Segundo a análise dos técnicos do BCE, o sector industrial respondeu mais rapidamente às subidas de juros, um cenário consistente com a literatura económica clássica. Explica o banco, a “maior dependência da procura externa através do comércio e competitividade, as cadeias de fornecimento mais longas e a maior necessidade de capital produtivo” na indústria significa uma maior transmissão da política monetária às empresas neste ramo, que depois também impacta os serviços.
“As ligações entre produto e input entre os dois sectores tendem a induzir efeitos de spillover que, em média, vão sobretudo da indústria para os serviços. Isto significa que a atividade industrial tipicamente reage mais rápido e intensamente a certos choques económicos como mudanças nos juros”, lê-se no boletim.
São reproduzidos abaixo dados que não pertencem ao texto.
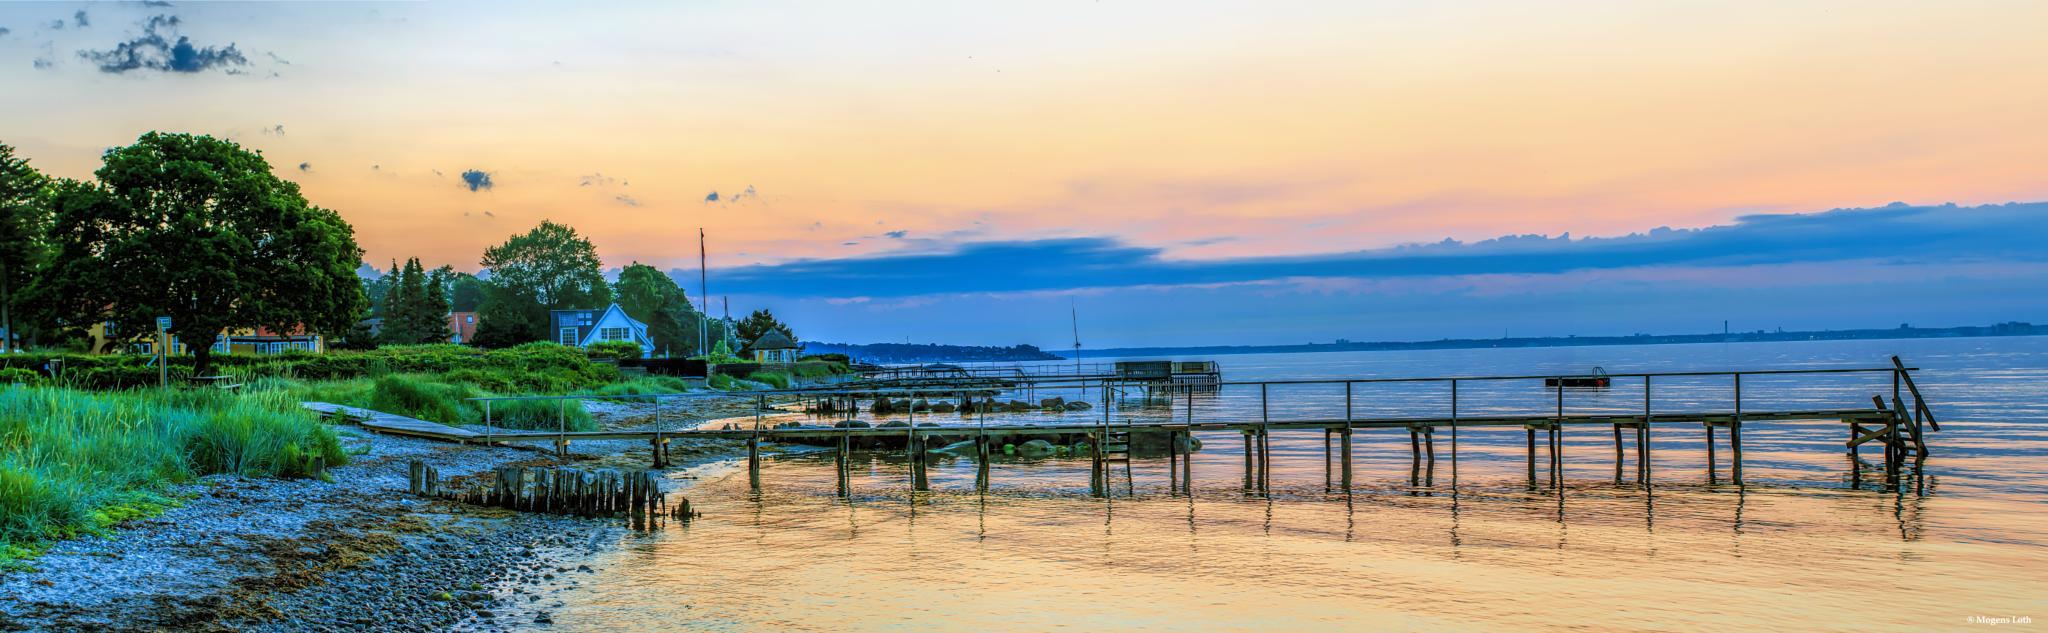 Sunrise over Oeresund by M. Loeth

Esta análise fica em linha com os comentários recentes do vice-presidente do BCE, Luis de Guindos, e da representante do Conselho Executivo do banco, Isabel Schnabel, a reconhecerem um abrandamento da economia europeia.
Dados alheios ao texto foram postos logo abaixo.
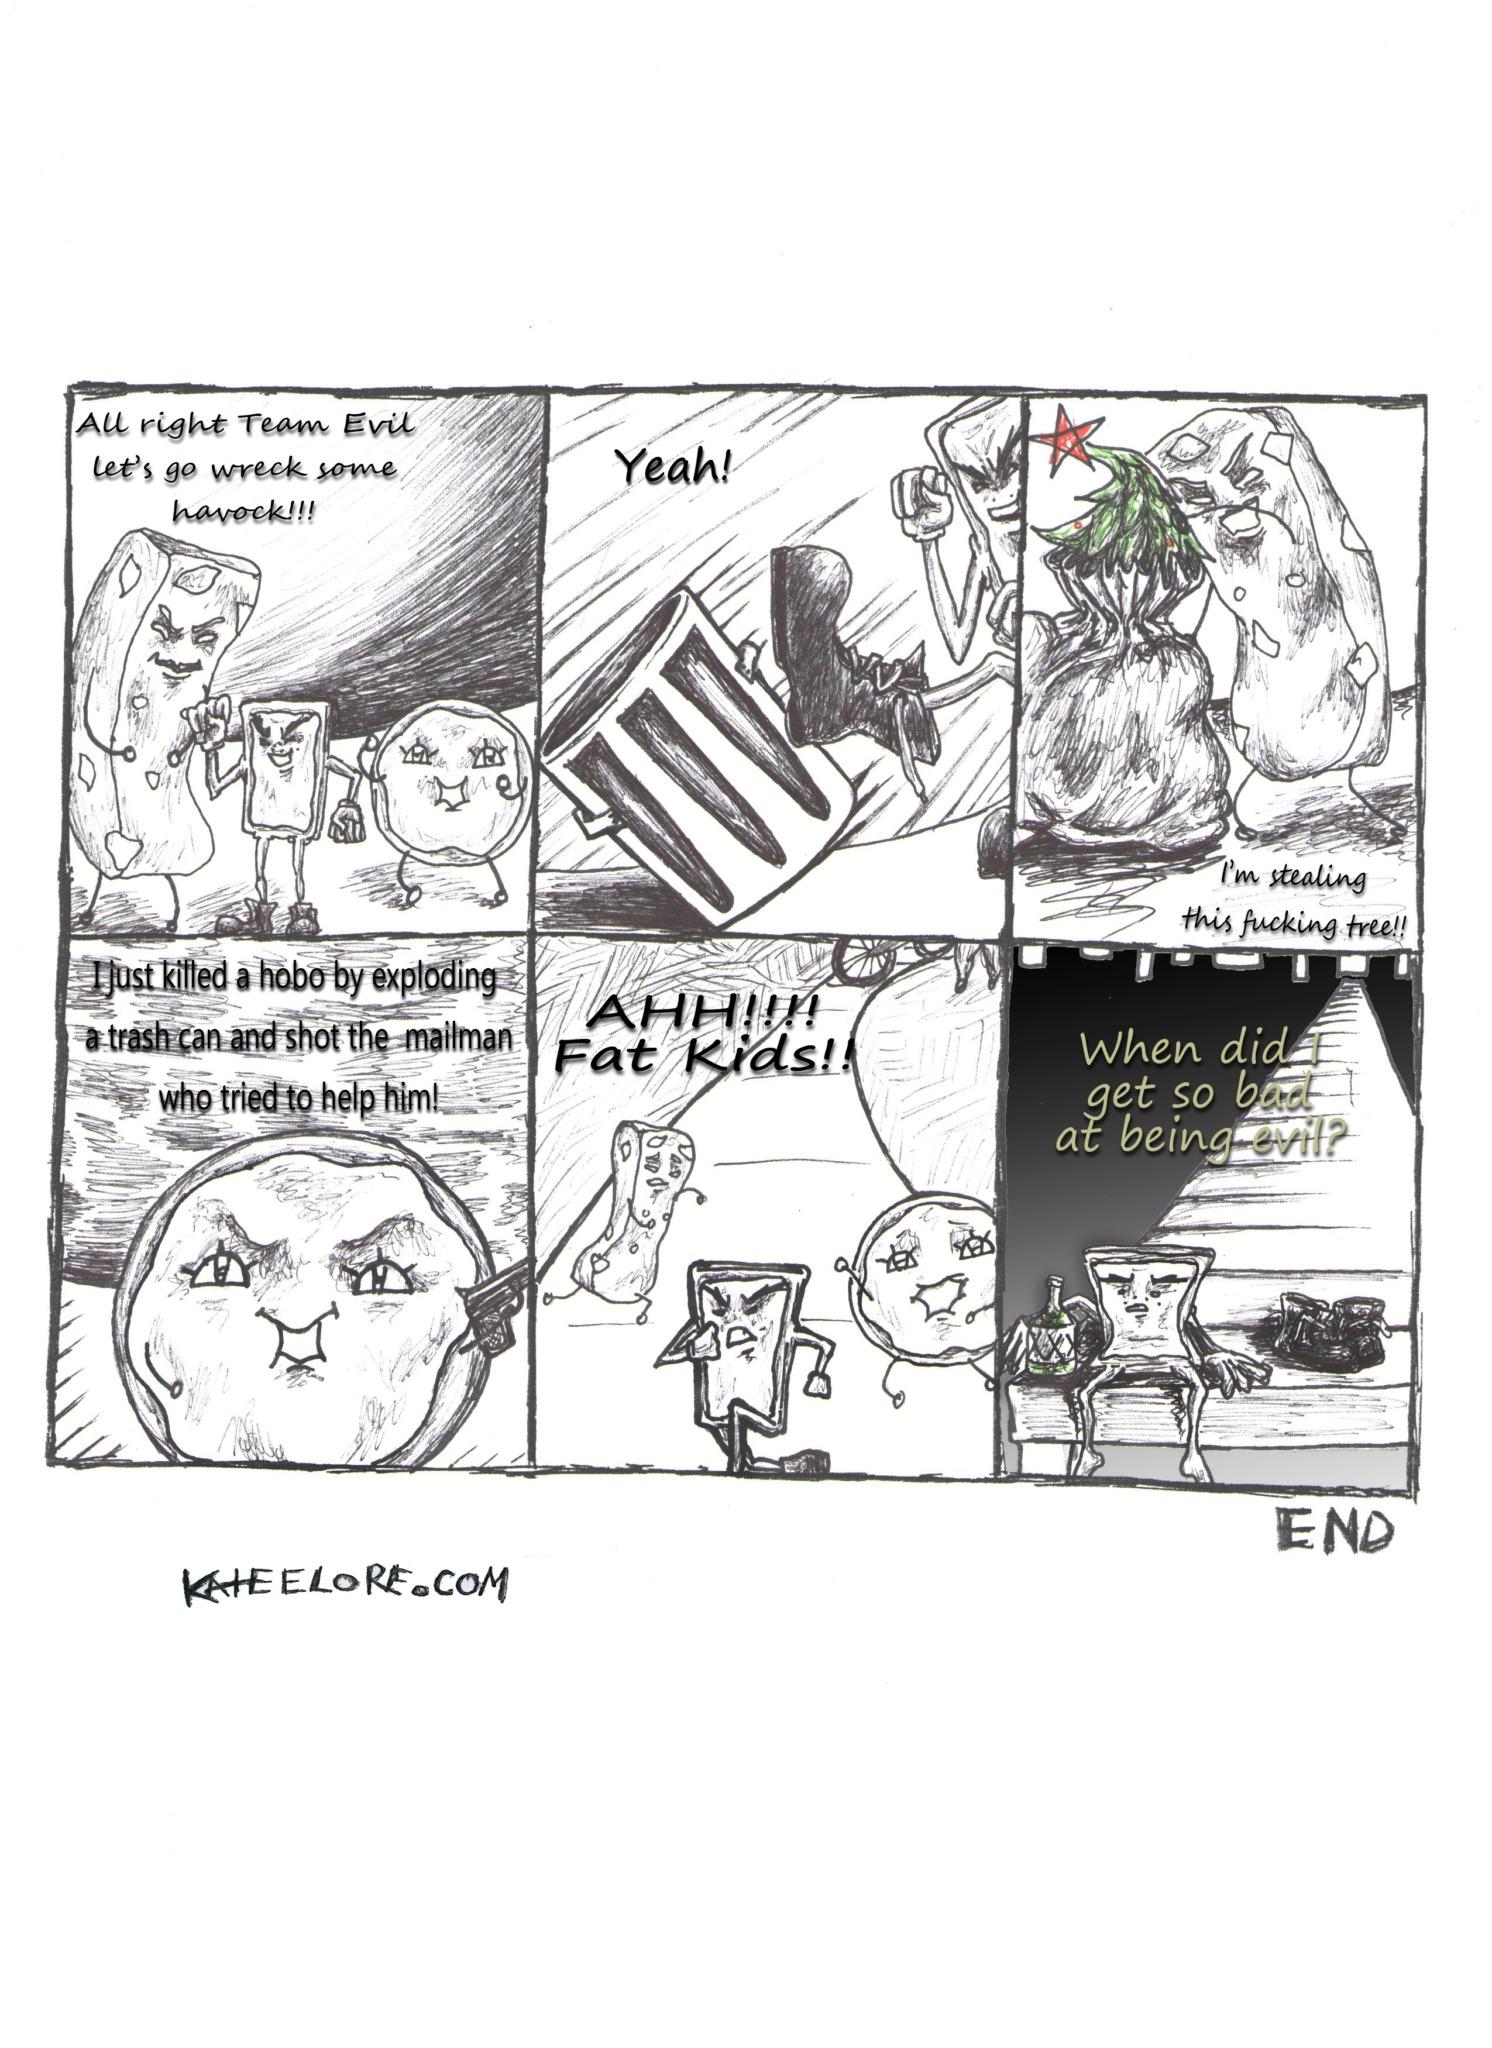 Melancholy Evil Poptart KateELore.com

O vice-presidente do organismo falou numa quebra generalizada da atividade na zona euro, admitindo que uma recessão técnica a fechar o ano era um cenário provável. Os indicadores sectoriais têm sido desapontantes, prosseguiu, não deixando antever grandes avanços do lado do crescimento; já quanto à inflação, apesar de esta estar numa trajetória de recuo, os próximos meses poderão trazer uma inversão temporária.
“Vão-se fazer sentir efeitos base positivos na energia e as medidas de apoio na questão energética vão expirar, levando a uma subida transitória da inflação”, afirmou de Guindos em Madrid esta quarta-feira.
Isabel Schnabel mostra-se mais otimista quanto à pressão nos preços, afirmando numa sessão de perguntas e respostas na rede social X, antigo Twitter, que a zona euro “estava em linha” para ver o indicador voltar a 2%. Ainda assim, e apesar de vários indicadores de confiança estarem “a bater no fundo”, as projeções “de curto-prazo mantêm-se fracas”.
Schnabel procurou ainda afastar a noção de que os cortes de juros devem estar prestes a arrancar, contrariando a visão de Mário Centeno, governador do Banco de Portugal (BdP), e François Villeroy de Galhau, governador do Banco de França, que se haviam mostrado mais confiantes em descidas das taxas em breve no dia anterior.